A new life for the University Club -- by Barb Elve

[Dining room] The transition will be seamless, promises food services director Mark Murdoch, when the University Club (left) goes from being "an independent organizational unit to an organizational unit attached to food services" on May 1.

"The club has not performed well financially for a number of years," he explained, and the change is expected to bring "some synergy" -- both in economy of scale in purchasing and in administrative costs -- under the food services umbrella.

Club manager James Brice, employed in a "contingent on funding position", will be leaving at the end of April. The sous chef, house manager and other staff will remain, said Murdoch. "It will still be called the University Club and will maintain a very distinct personality. It won't become visually a food services unit."

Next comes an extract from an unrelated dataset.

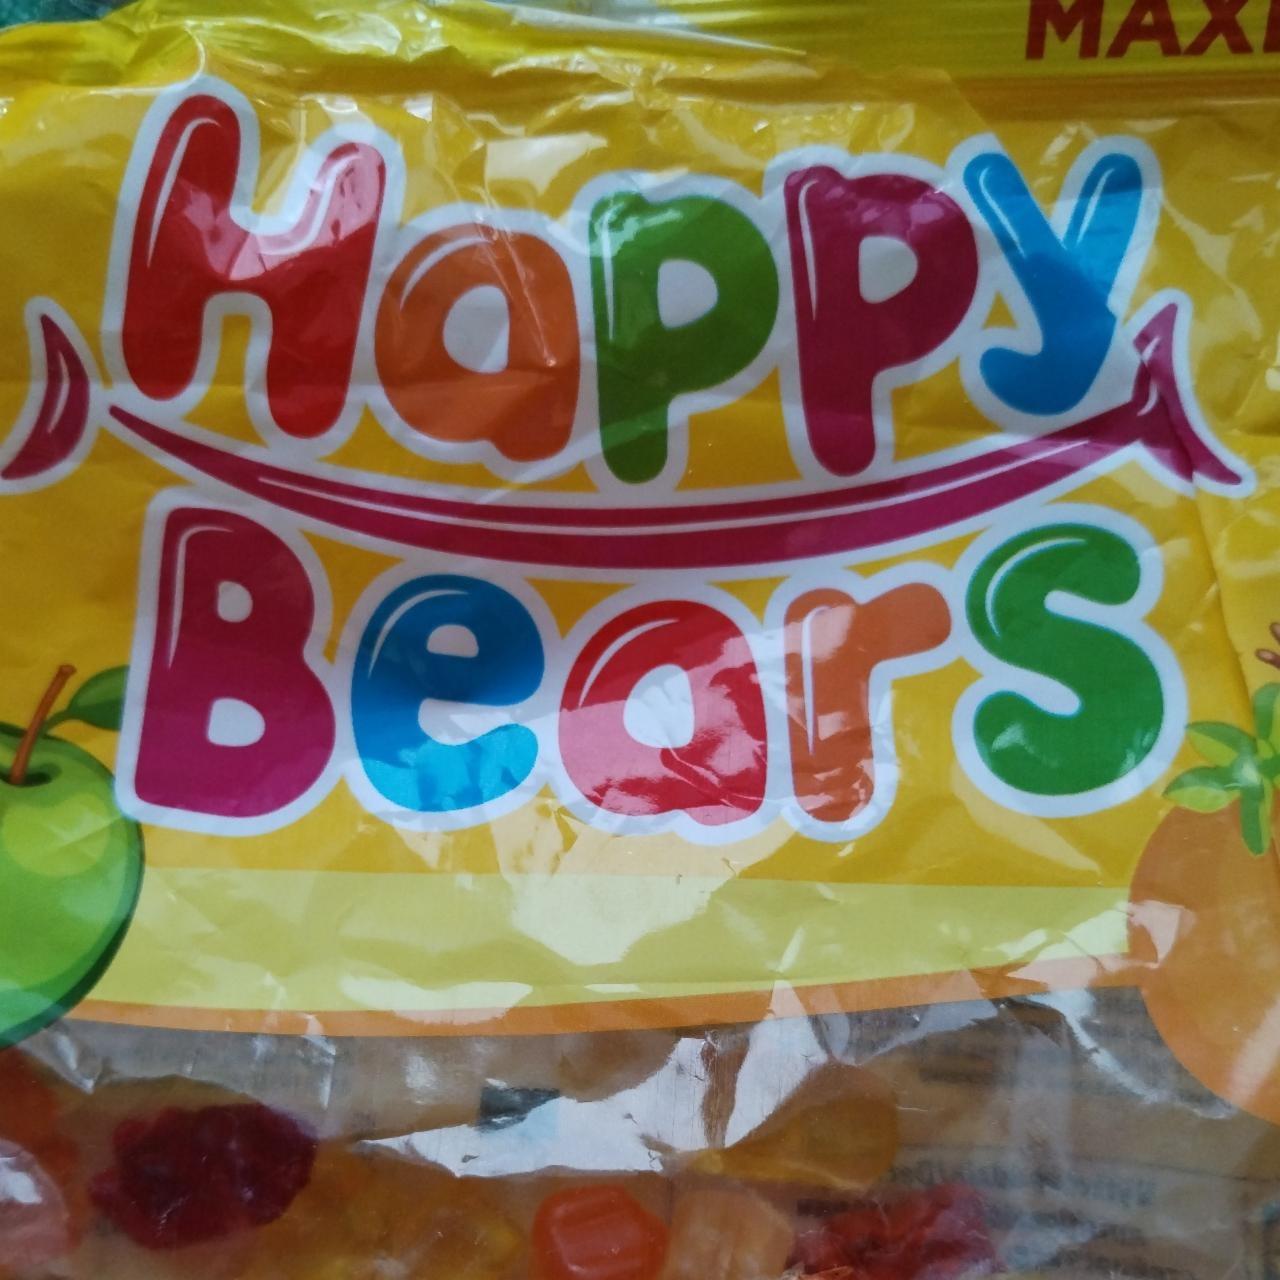 Képek - Happy Bears gumicukor Sweet corner

Currently, the club is open to members who pay an annual fee, ranging from $110 per year for staff and faculty to the corporate rate of $300 per year. Honorary memberships are offered to members of the President's Circle, a group of donors who make a significant contribution to the university. Non-members are allowed to lunch at the club. Under food services management, said Murdoch, every faculty, staff and retiree, as well as donors in the President's Circle, "will enjoy benefits of membership."

Although Murdoch only learned of the changes on April 6, and planning for the transition is still underway, he expects the club will be administered by the catering section of food services. "Starting last June, the focus of the club shifted to light lunches. We see a continuation of that, a place to have a nice high-end soup and sandwich for under $10." As well, the facility will be used for catering and special events on evenings and weekends.

"I understand the political reasons for the decision; I don't have to agree with them," says Brice, who admits the news came as a shock. He took over management of the club in December 1999, and believes the facility was well on the road to recovery. "We made great strides after restructuring last fall. It was turning around. I was asked to enhance the image, to improve communication. We adopted a logo, upscaled the dress code for service staff" and adapted the lunch menu for a 45-minute clientele rather than the traditional two-hour lunch crowd that had, in the past, frequented the club.

Notes on a Tuesday

A travel seminar should have been leaving today for Guatemala and Costa Rica to spend eleven days in a study of Latin American "liberation" theology. But the trip was cancelled for lack of participants, says Peter Frick of St. Paul's United College, who would have been its leader. He'll try again in 2003. Meanwhile, Frick himself will leave for Nicaragua on Friday to check up on a community project there -- a legacy of the rebuilding after Hurricane Mitch in 1998 -- in which he's been involved.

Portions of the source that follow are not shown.